There are traditions which God has given us. They are so to speak a memory we are born with and into which we are born: a store of meanings, of symbols, of signs. What is born in us is the connatural ability to understand these great buried signs as soon as they are manifested to us.  What is given us in society is a more or less authentic manifestation of the signs. If society loses its “memory,” if it forgets its language of traditional symbol, then the individuals who make it up become neurotic, because their own memories are corrupted by uninterpreted, unused meanings. Then traditions themselves become mere dead conventions – worse than that, obsessions – collective neuroses.  To replace one set of conventions with another, however new, does nothing to revive a truly living sense of meaning and of life. This is our present condition.

This resonates strongly within me.  In my own experience, growing up as a Baptist (Southern of some flavor), I often felt drawn to certain things… liturgical tradition drew me, though I knew not what to call it. The austere nature of our faith and its tradition (or rather traditional lack of the same) left me feeling as though something were missing.  As a young child, striving to fill that unspoken void, I would contrive my own ‘traditions’ or forms of reverence.
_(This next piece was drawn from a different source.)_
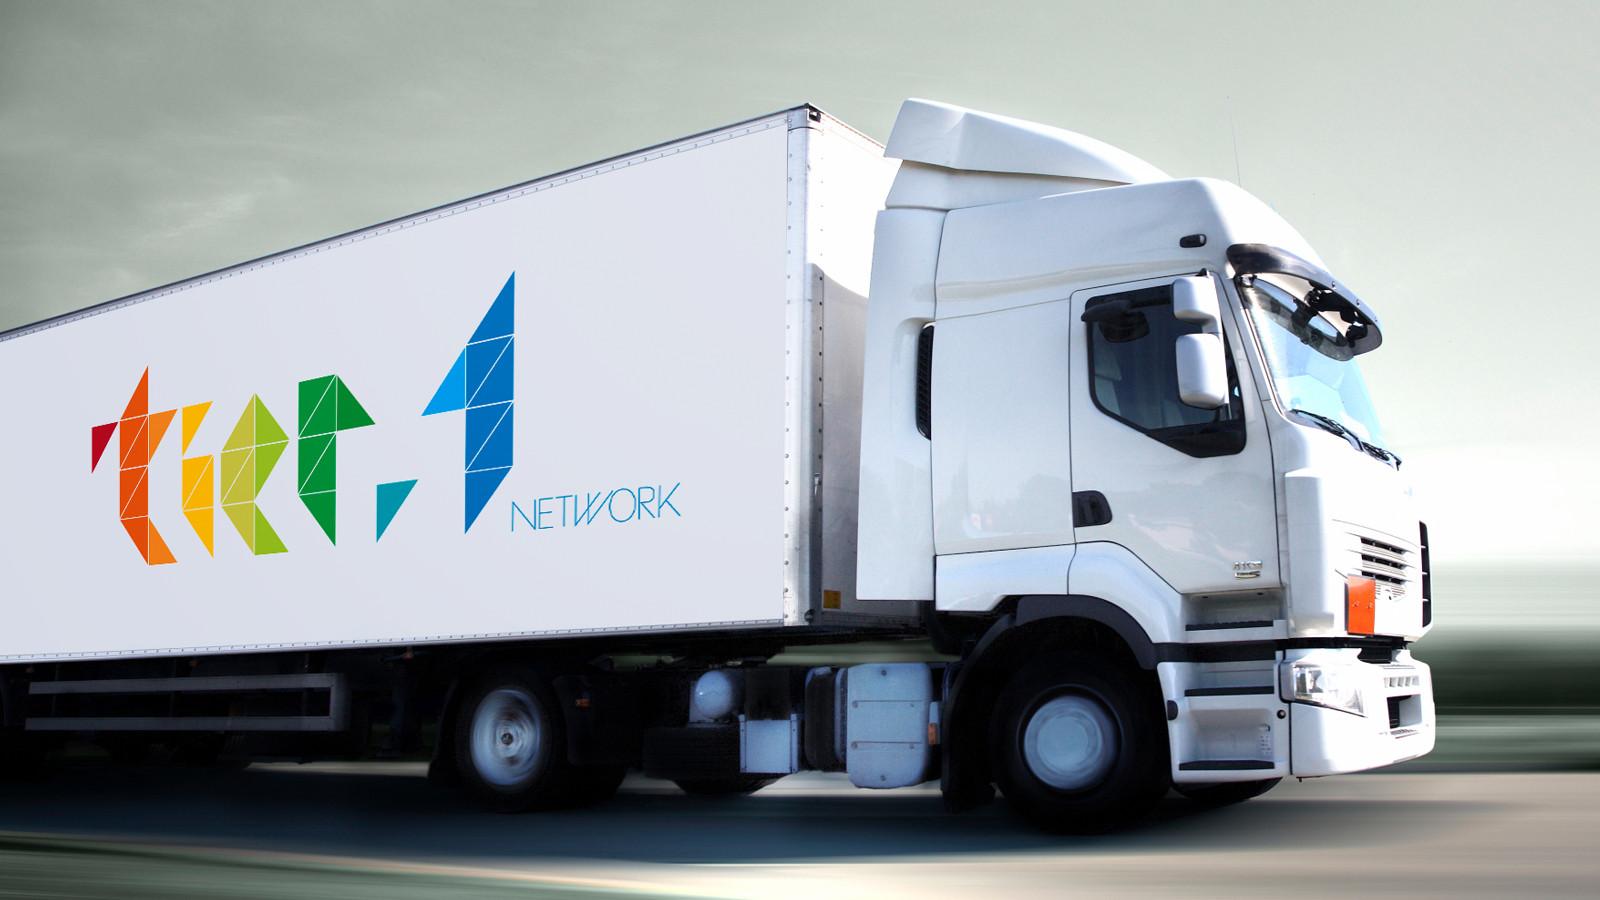 Tier 1 Truck_16x9_5.jpg

Having a lace trimmed hanky to lay my Bible is one good example, and yet this felt contrived even to my infant sensibilities and I soon gave it up in shame for having taken up such ‘pretensions’. 
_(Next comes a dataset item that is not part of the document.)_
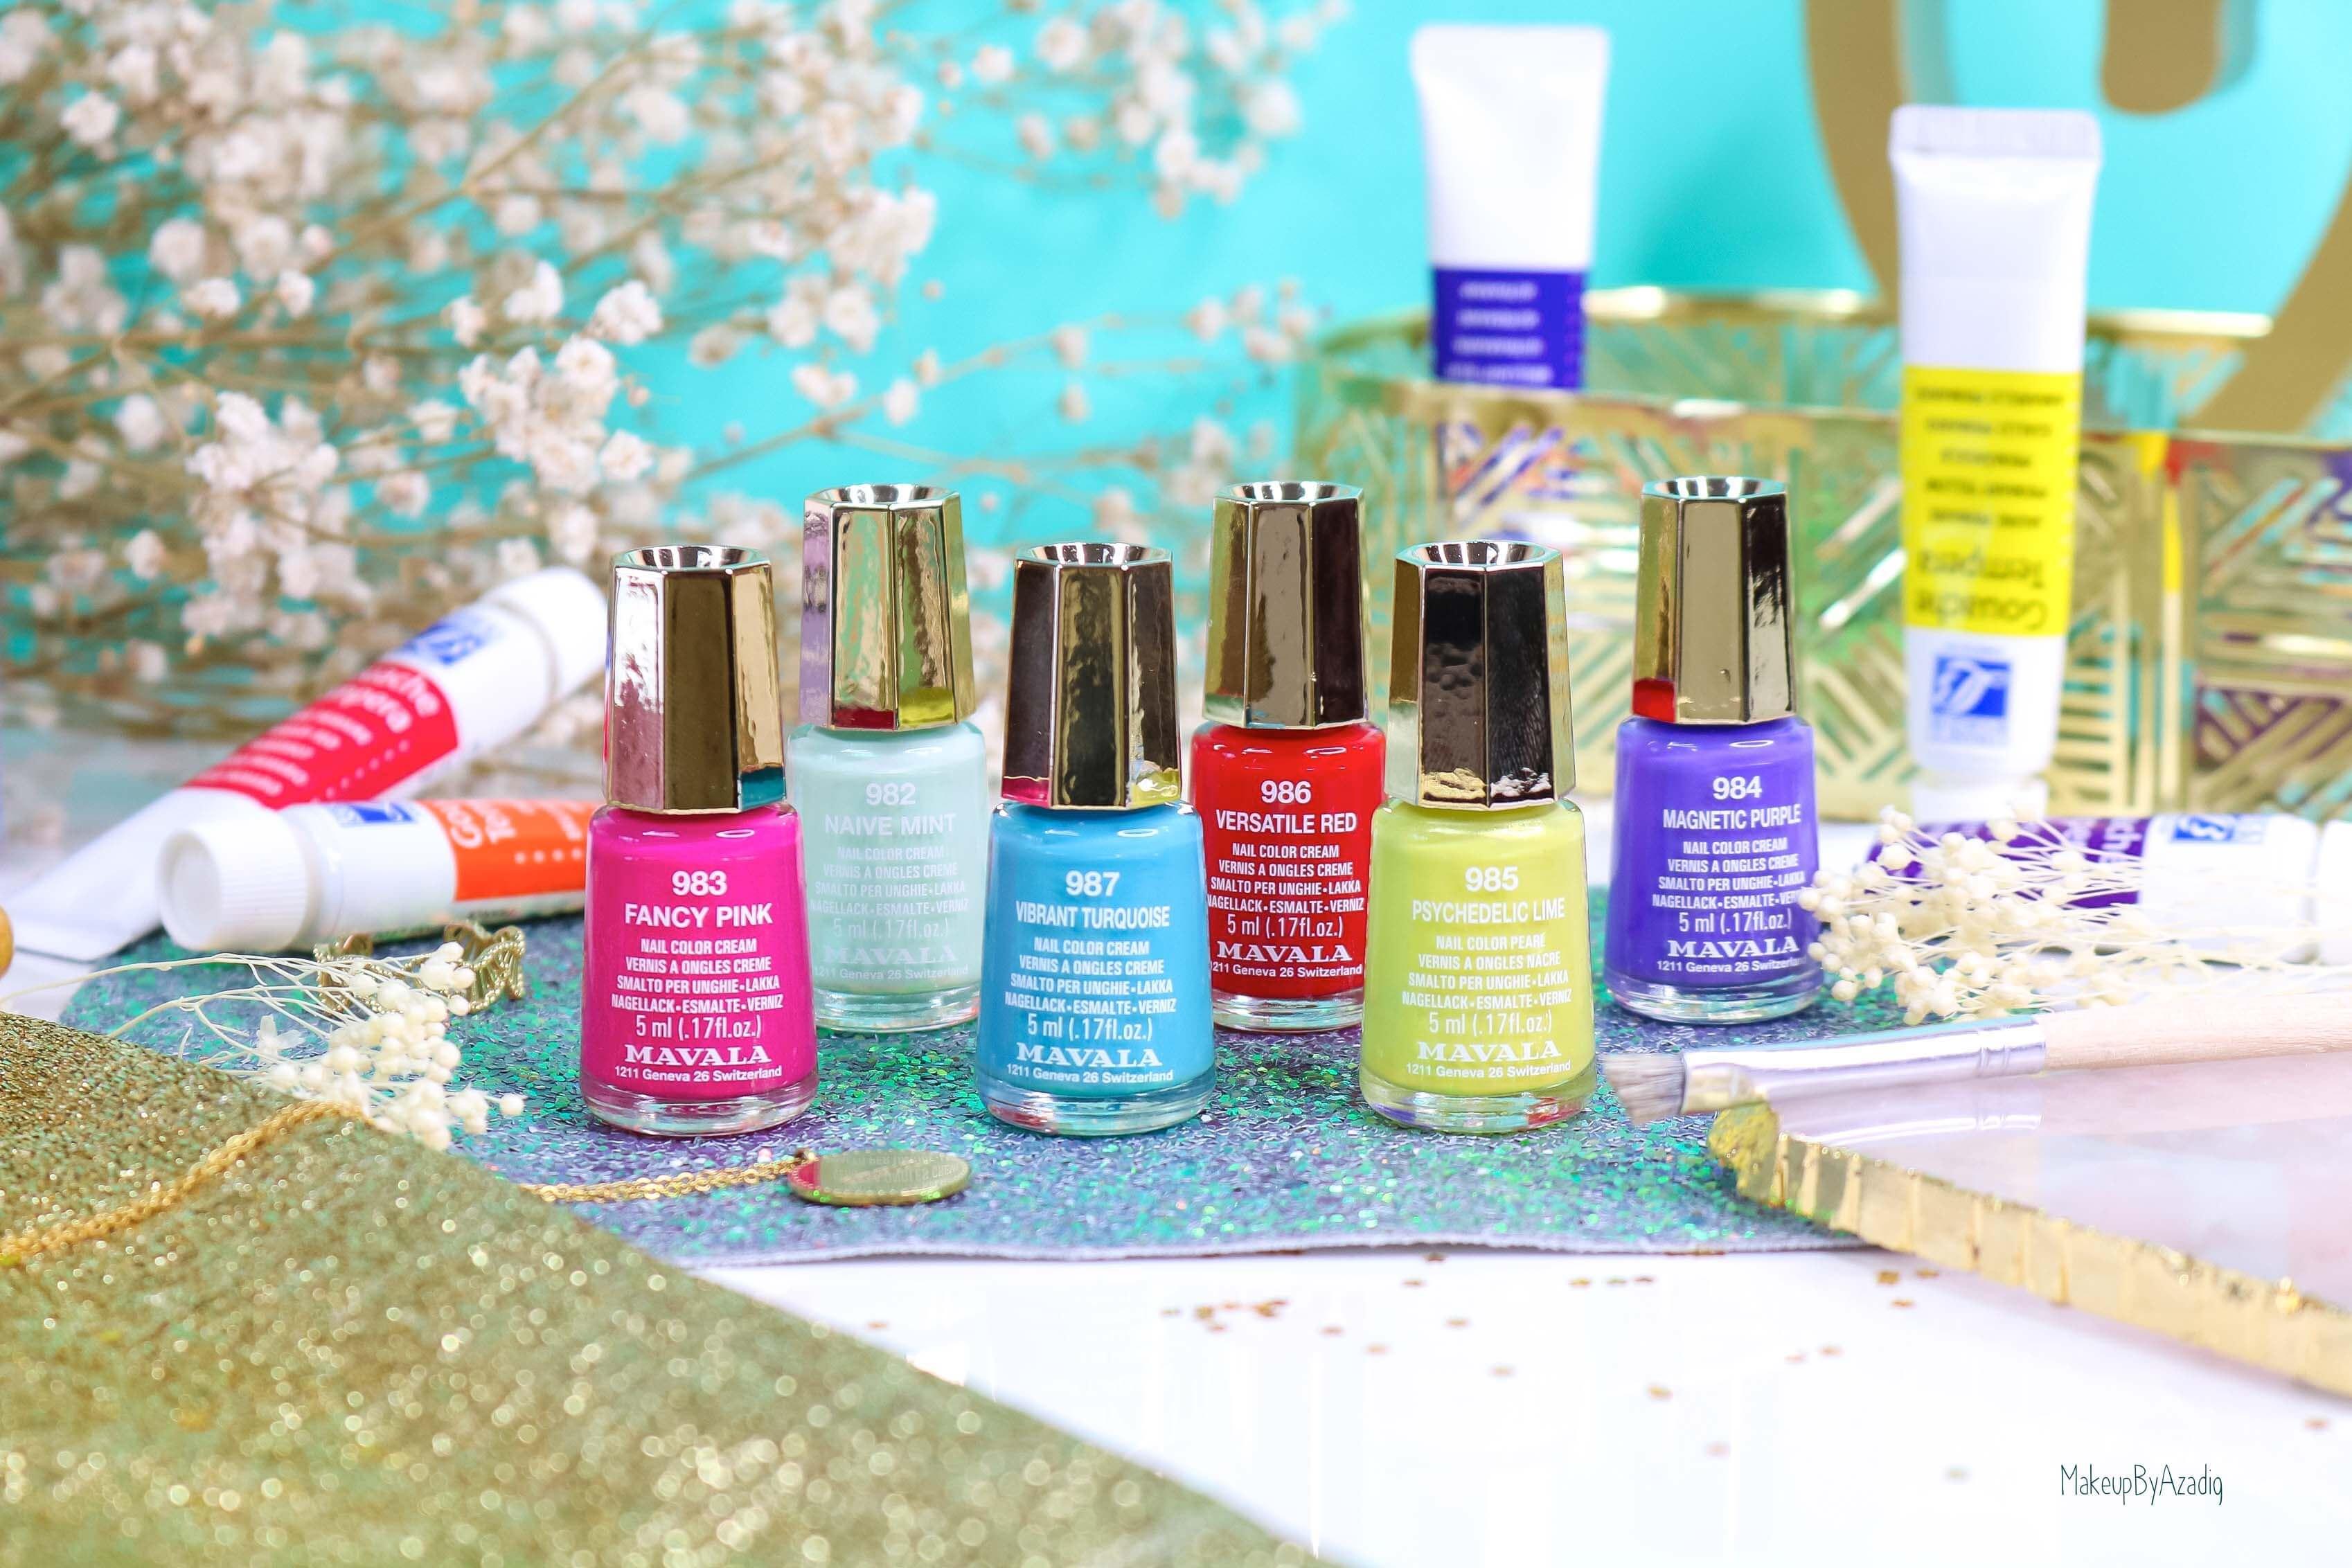 revue-collection-vernis-mavala-nails-dash-splash-ete-2019-bleu-orange-makeupbyazadig-swatch-avis-prix-colors

Later, when I saw my first crucifix, I remember being struck by it – feeling a hushed awe and reverence within that was inexplicable… Later still in a similar setting, kneelers were intuitive in response as I felt immediately the desire to drop to my knees and pray. I worked hard (funny that since we were repeatedly taught that works were of little import) to be a workman approved before the Lord and stifled those childhood fancies, all the while feeling as though something important were missing… that such a holy God, such a magnificent Lord and Master deserved more than what was given… and that burning desire to give such to the Lord whom I loved was banked.

Even when I began to attend Church with my Catholic husband, the fear and misunderstanding taught me in my youth kept me from really seeing that what I witnessed there was the very fulfillment of what my young soul had yearned for.  When I finally was reconciled to the Church by God’s mercy and command, the protective walls bricked up over time to protect myself from that which I was forbidden to give as a protestant began to come down.  As I have lived a full year now as a Catholic with the blessings of the Sacraments, the joys of Eucharistic Adoration, the Liturgy and the Liturgical Calendar with all it entails, I have found at last that which my soul within naturally knew and longed to give as right to the Lord.  Truly, God has written His law upon our hearts… we ignore and deny this innate understanding to our peril.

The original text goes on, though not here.